Photo: Paul Van Damme
This is why you when you listen to broadcast FM radio, even with any scratchiness that eats into the signal, you feel like you are physically co-located with the sound. FM radio doesn’t have a sample frequency as such, because it’s continuous and analog, but it has a dynamic range of 30 Hz to 15 kHz, which covers most spoken, sung, and musical tones.
But here’s the thing. If the PSTN is all digital in its core, why can’t we just stick digital filters on both ends that let us capture a greater range of audible frequencies with greater accuracy and greater clarity? The PSTN allots 64 Kbps in its circuit-switched (dedicated capacity) approach to each voice call, but modern compression is much better. GSM cell networks use a standard that can stream at from about 5 Kbps to 12 Kbps.
An AAC file at nearly the same quality as an uncompressed audio CD recording can encode roughly 20 Hz to 22 kHz (to get the highs and lows of music) with 16-bit stereo samples to provide nice differentiation in that range at a rate of 44.1 kHz for clarity in about 128 Kbps. But that’s for music. Spoken voice can be compressed even further, down to 48 to 96 Kbps, while maintaining excellent quality.
Given that a DSL line using the same two wires that carry analog voice can handle 24 Mbps and even more these days, what gives with voice? Possibly one day, we’ll see the end of analog phones and analog lines when nearly everyone has Internet-based VoIP or a mobile phone, and the remaining holdouts (the stubborn, the elderly, and the poor, typically) are forced to attach adapters. (That’s how the U.S. managed the digital television switchover.)
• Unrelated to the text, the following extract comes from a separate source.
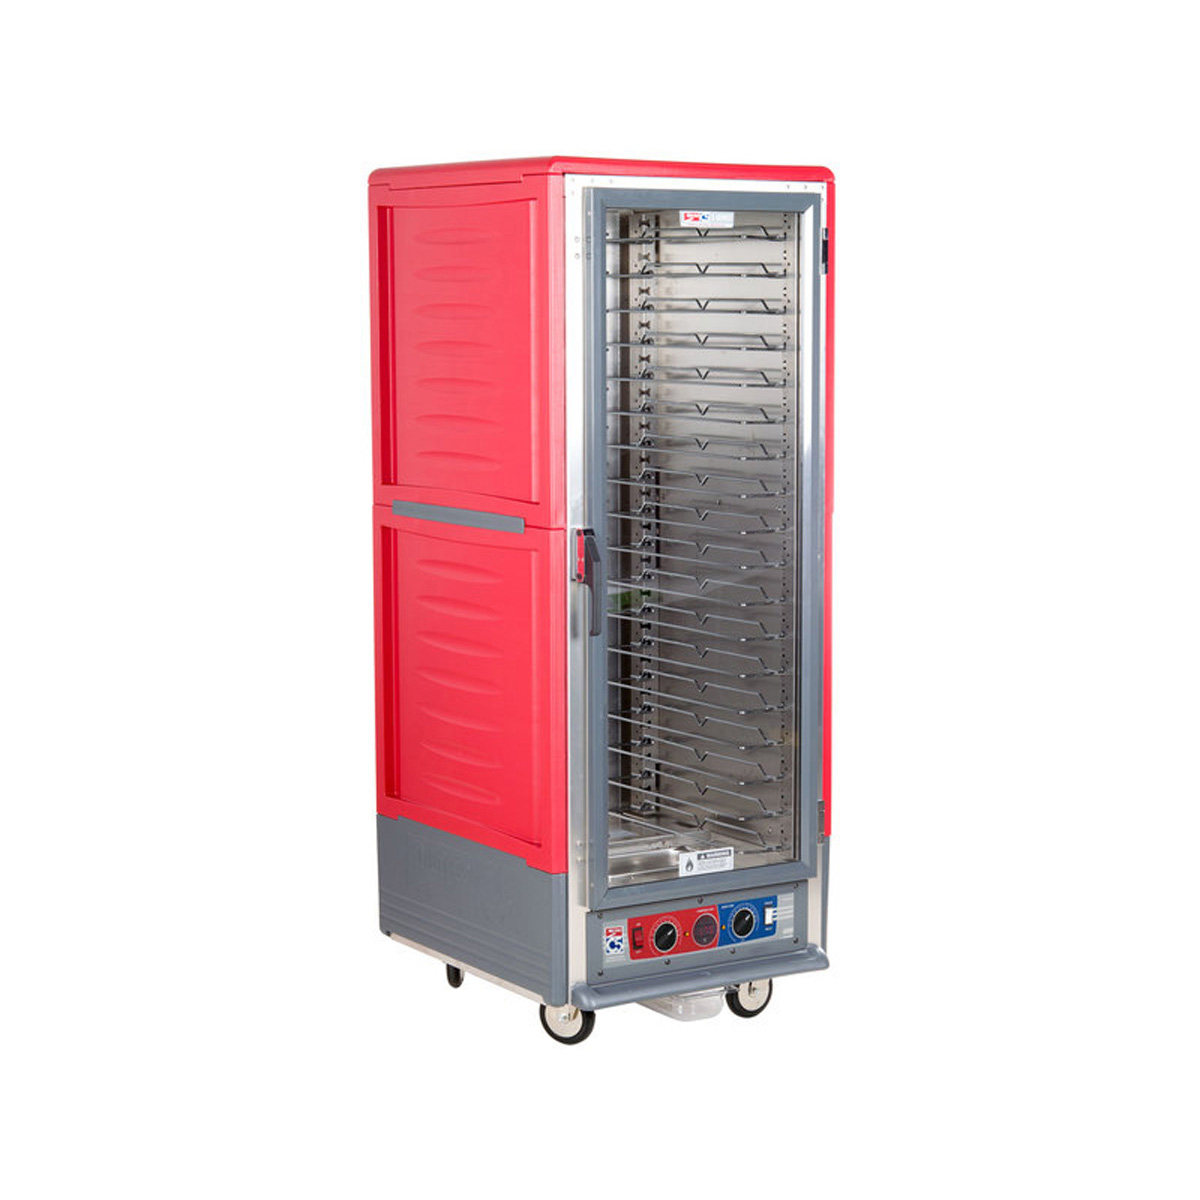 Metro C539-CLFC-U C5 3 Series Insulated Mobile Proofing and Holding Cabinet

But for now, the PSTN is the PSTN and the Internet is the Internet, and the two kinds of switching networks don’t meet except at gateways. VoIP-to-VoIP over the Internet provides a workaround. Even the earliest successful VoIP calls I can remember making between two computers sounded better to me than any traditional voice call. The problem was always latency (the time it takes for data to transit from one end to the other) and jitter (the consistent delivery in order of necessary packets). Latency is down, jitter reduced, and quality has improved dramatically since the late 1990s, as better compression techniques, more processing power, and the greater availability of bandwidth allows a richer representation of voice.
Skype wasn’t the first system to allow end-to-end VoIP calls by a long shot, although it is surely the most popular at present. It has stepped through a few codecs (the algorithms that convert uncompressed digital representations of media into more compact ones and back again) since its 2003 introduction, and developed its own, SILK, in 2009. SILK captures 70 Hz to 12 kHz at sample rates that vary from 8 to 24 kHz and result in throughput of 6 to 40 Kbps. It varies depending on conditions, with the best results with the highest consistent available throughput.
I’ve done a fair amount of radio guesting in the last several years, and I remember that lovely feel the first time of putting on a set of headphones in the studio, talking into a nice mic, and hearing myself and the host sound as rich through my ears as when I listen to actual broadcasts and podcasts. When I started using Skype routinely around the same time, I had the same reaction: this has the warmth, fullness, and clarity of radio broadcasts. (In a bit of irony, I am often interviewed by radio shows from home via Skype. The program records both ends of the call on its side, and I use Audio Hijack Pro to record my end using a Blue Yeti mic. I send them my audio file, but they have theirs in case of a problem with my recording.)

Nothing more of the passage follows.